Biomecânica da Córnea

Biomecânica corneana é um conceito que abrange as propriedades mecânicas da córnea. A córnea é um “corpo viscoelástico” que possui propriedades elásticas e viscosas, e seu comportamento de deformação e recuperação sob forças externas caracteriza sua função.

“Elasticidade” é a propriedade de um sólido deformado por pressão retornar à sua forma original. “Viscosidade” representa o grau de viscosidade de um líquido.

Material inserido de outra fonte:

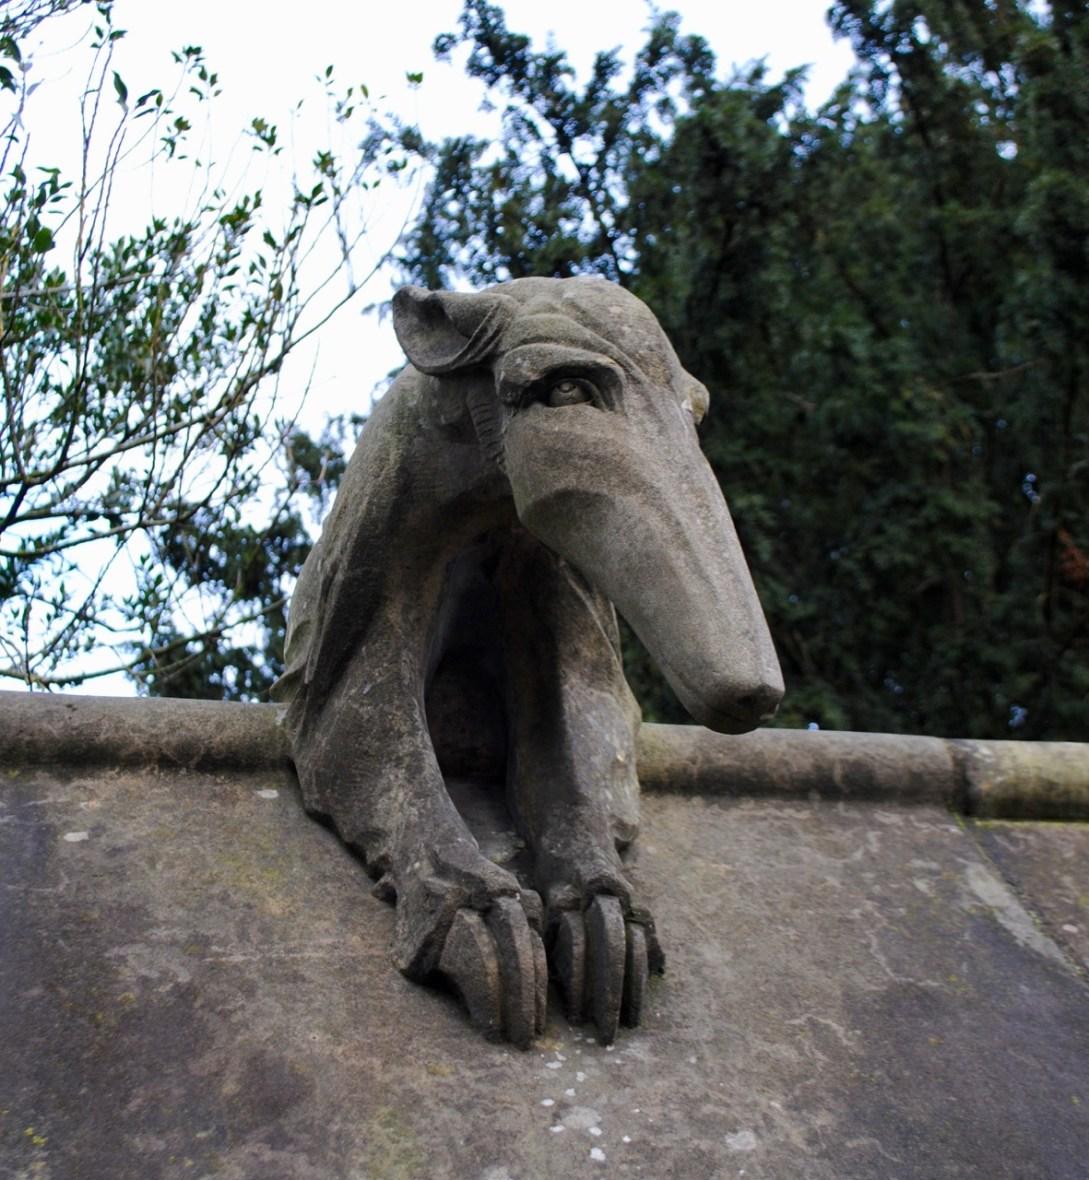 Cardiff animal wall anteater

A maioria dos tecidos vivos são corpos viscoelásticos, e a córnea é um deles.

Quando a pressão é aplicada à córnea, ela se deforma e, quando a pressão é liberada, tenta retornar à sua forma original. Nesse processo, a trajetória durante a aplicação e liberação da pressão não coincide. Esse fenômeno é chamado de fenômeno de histerese. A histerese é um indicador da energia dissipada durante os processos de deformação e recuperação, refletindo as propriedades mecânicas da córnea1).

O módulo de elasticidade (módulo de Young) da córnea foi relatado em uma ampla faixa de 0,1 a 57 MPa, dependendo das condições e métodos de medição in vitro1). Quanto maior o módulo de Young, mais rígido é o tecido e menos deformável.

A biomecânica corneana está se tornando cada vez mais importante nas seguintes situações clínicas:

  • Detecção precoce do ceratocone: Alterações biomecânicas ocorrem antes das alterações morfológicas5)
  • Avaliação de segurança da cirurgia refrativa: Usada para prever o risco de ectasia corneana pós-operatória7)
  • Correção da medição da pressão intraocular: As propriedades físicas da córnea afetam as medições do tonômetro de aplanação5)

Atualmente, existem apenas dois dispositivos que podem avaliar quantitativamente a biomecânica da córnea in vivo: o Ocular Response Analyzer (ORA) e o Corvis ST. O conceito de biomecânica da córnea ainda é novo, e a interpretação dos resultados das medições ainda requer pesquisas futuras.

Q O que é histerese corneana?
A

A histerese corneana (CH) é um parâmetro medido como a diferença entre a pressão de aplanação durante a pressurização e a despressurização (P1 − P2) quando a córnea é deformada por um jato de ar. Reflete as propriedades viscoelásticas da córnea, especialmente sua capacidade de absorção e dissipação de energia. A CH é baixa no ceratocone; consulte a seção “Significância Clínica e Aplicações” para detalhes.

A biomecânica da córnea é influenciada por muitos fatores 1). Abaixo está um resumo dos fatores clinicamente importantes.

A rigidez da córnea aumenta significativamente com a idade 1). O principal motivo é o aumento natural das ligações cruzadas de colágeno e a modificação das fibras devido à glicação.

Tahsini et al. (2025) analisaram mapas do Índice de Tensão-Deformação (SSI) em 72 indivíduos saudáveis e mostraram que o SSI aumentou significativamente de 0,938 ± 0,067 no grupo de 20-50 anos para 1,143 ± 0,064 no grupo de 50-80 anos (Pearson r = 0,92, p < 0,001) 3). A taxa de endurecimento varia conforme a localização, progredindo mais rapidamente em áreas originalmente mais rígidas.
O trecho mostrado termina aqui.